How far back does your family go? I asked.

Hakkon turned that smile on me, a genuine one, with wrinkles fanning out at the corners of his eyes. “Oh, you’re truly curious, red one? You see it now—better to bear the young of the strong, and let your blood rule the land. We go back centuries, back to when the Fae tried their hand at creation. From father to son, our lineage has been passed through the ages.”

The Fae? I frowned, dragging my leadened thoughts through the mud to piece it together.

Then tell me this. Do your kinds share a root? I hesitated, forming my words carefully. Are fiends and wargs born of the same… ritual?

He tipped his head. “In a manner of speaking. Two races, born to Mother Blood and Father Wolf, doomed to hate each other as only squabbling brothers can.”

Brothers?

“So many questions.” Hakkon shook his head, still amused. “Yes, brothers, redling. But Mother Blood loathed us, and conspired to destroy Father Wolf and his sons, creating bindings against our kind. The Mad God fled to the depths of Foria, preserving my family line and the traditions of our blood. It was through his teachings that we learned to wear the skins of men again, how to break the charms of the Mother’s blood-drinking children and walk the earth freely.
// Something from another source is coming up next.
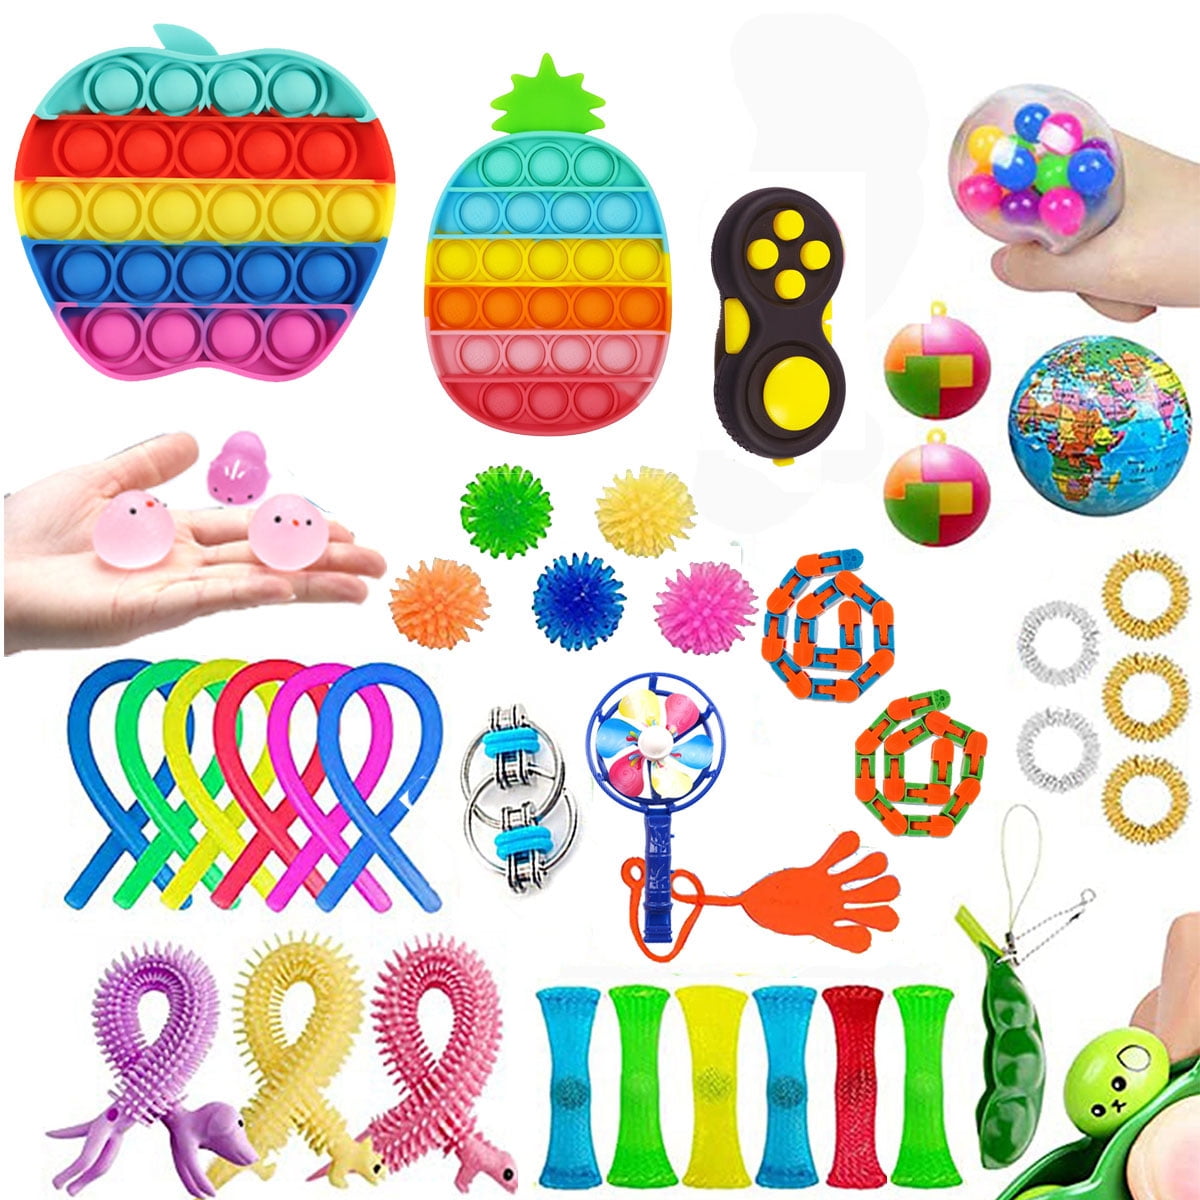 Details about   Fidget Sensory Toys Set 22 Pack For Stress Relief Anti-Anxiety Stocking Stuffer*

To shed blood and tears, spread agony and hatred… those are Wargyr’s gifts, his purifying baptism.”

Blood and tears again… the charms of the Mother’s children.

And the Mother and Father were Fae, truly?

“Of course. It was with their tinkering that we were created. My kind, the firstborn blessed with the Father’s gifts… and the Mother’s children, those infected with her own blood. Both of us were born deep in the cradle of the Rift, the land that is our birthright and our home, and that is why we must have it. The pups deserve to live in the lands where they were made, not to starve in this blighted hell.”

I studied him, looking for a lie in his story, but I didn’t think he would know if he was lying. It was all folklore, tales passed down through the ages, twisted over time to suit the teller’s fancy and presented as truth.

I had a vague memory of Bane telling me that some believed Wargyr was Fae, and that he didn’t believe it.

How interesting that the Rift-kin might be right on that score, but my mind kept returning to the thought of the Mother’s charms, the blood and tears, the willingness and love that seemed diametrically opposed to the creation of wargs…

Did I have a potential weapon in my hands?

Then why murder my family? I asked, guiding the questions away from my dangerous line of thought. Why take land so far to the south?

“Because their land is rich and will feed my people.” Hakkon shrugged. “It has taken many long years to gain a foothold in Veladar. Your land will feed our strength until we’re ready to bring down the walls of the keeps, and then we will take it all.”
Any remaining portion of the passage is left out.